ECLI:NL:GHSGR:2010:BL5291
Gerechtshof 's-Gravenhage
- Hoger beroep kort geding
- M.A.F. Tan-de Sonnaville
- J. Kramer
- M.J. Kuiper
- Rechtspraak.nl
Beoordeling van het hoger beroep inzake de ophoging van de openbare weg in Rotterdam
In deze zaak gaat het om een hoger beroep van de Gemeente Rotterdam tegen een vonnis van de voorzieningenrechter in een kort geding, waarin de Gemeente was verboden om de straat aan de even zijde van de [adres] verder op te hogen dan -1,65 m NAP. De bewoners, die in de nabijgelegen woningen wonen, hebben bezwaar gemaakt tegen de voorgenomen ophoging tot -1,50 m NAP, die de Gemeente in 2007 wilde doorvoeren. De bewoners stellen dat er in 1975 een toezegging is gedaan door de Gemeente om de straat niet verder op te hogen dan -1,65 m NAP, en dat deze toezegging hen het recht geeft om de huidige plannen van de Gemeente aan te vechten. De voorzieningenrechter heeft in eerste aanleg de vordering van de bewoners toegewezen, maar de Gemeente is in hoger beroep gegaan.

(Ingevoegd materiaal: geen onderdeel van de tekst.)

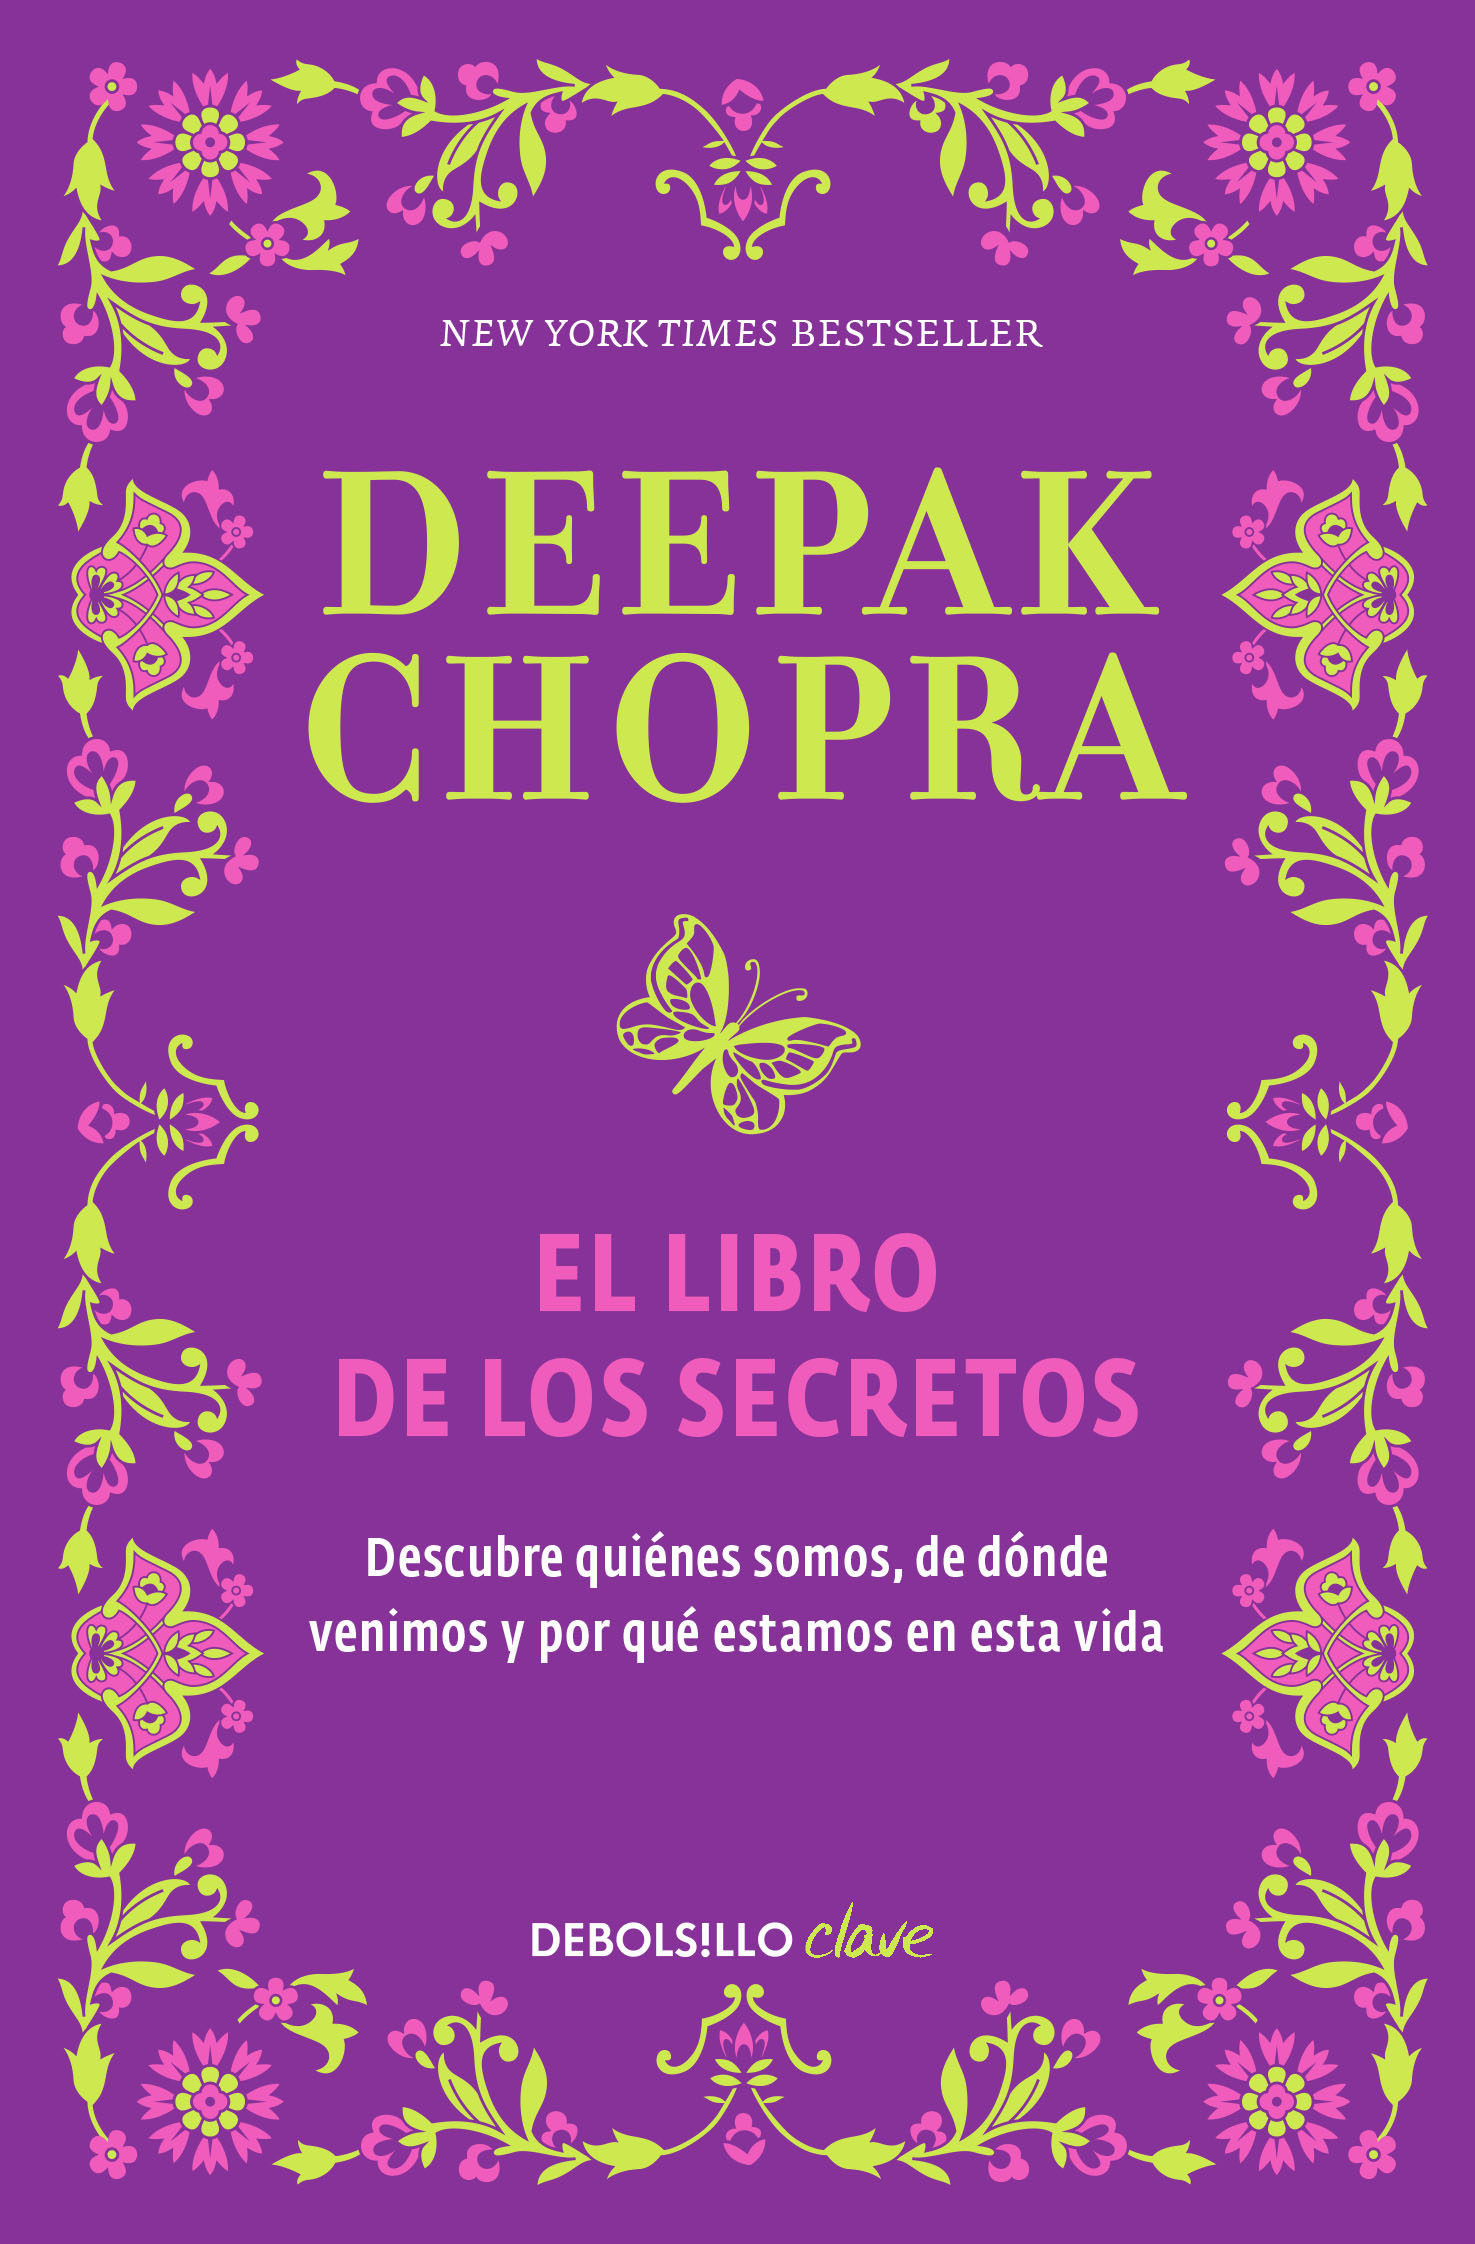 Imagen El Libro de los secretos. Deepak Chopra 1

Het hof heeft de argumenten van de Gemeente en de bewoners zorgvuldig afgewogen. De Gemeente heeft betoogd dat de ophoging noodzakelijk is voor de stabiliteit van de ondergrond en de infrastructuur, en dat de belangen van de bewoners niet opwegen tegen het algemeen belang van een goed onderhouden openbare weg. Het hof oordeelt dat de Gemeente voldoende aannemelijk heeft gemaakt dat de ophoging tot -1,50 m NAP gerechtvaardigd is, mede gezien de gewijzigde omstandigheden en technische inzichten sinds 1975. De bewoners hebben niet kunnen aantonen dat zij onevenredig in hun belangen worden getroffen door de ophoging.

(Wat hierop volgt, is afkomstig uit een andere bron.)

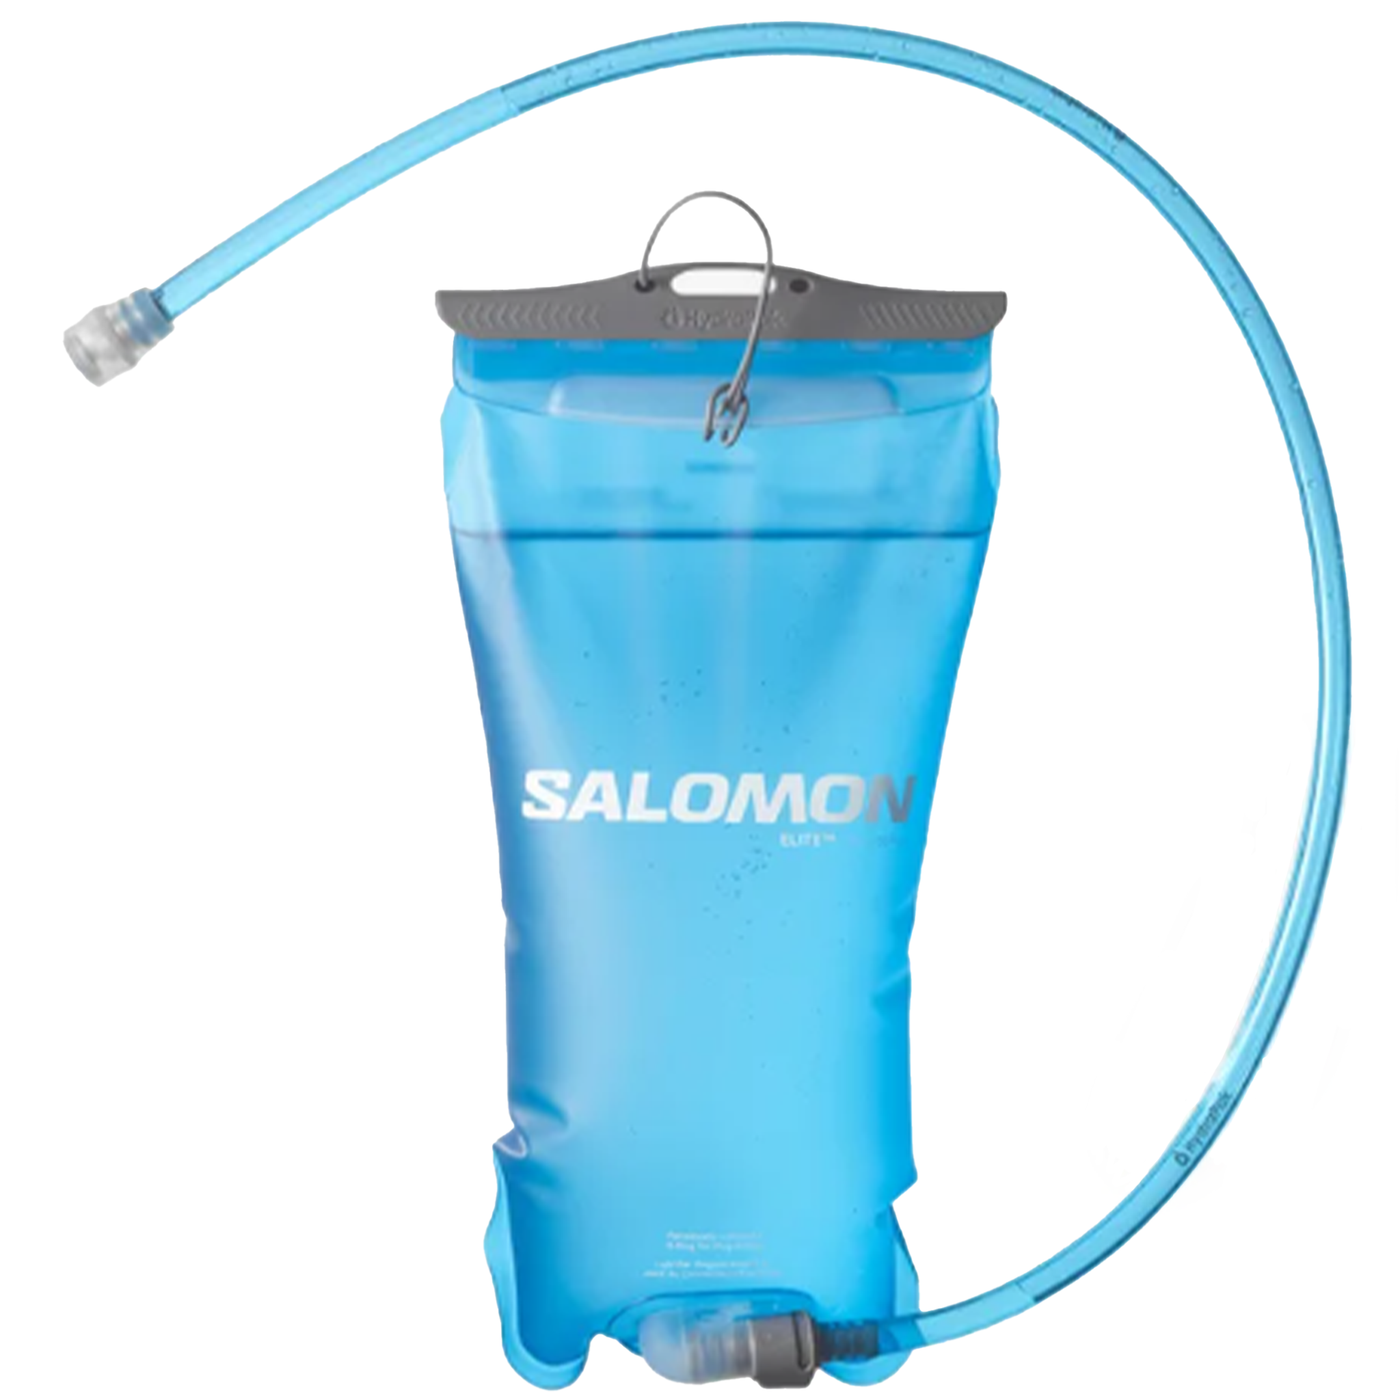 Salomon Soft Reservoir 1.5L - Clear Blue

Uiteindelijk heeft het hof het bestreden vonnis vernietigd en de primaire vordering van de bewoners afgewezen. De bewoners hebben geen belang meer bij hun overige vorderingen, aangezien de Gemeente inmiddels uitvoering heeft gegeven aan het eerdere vonnis. Het hof heeft de proceskosten aan de zijde van de Gemeente toegewezen.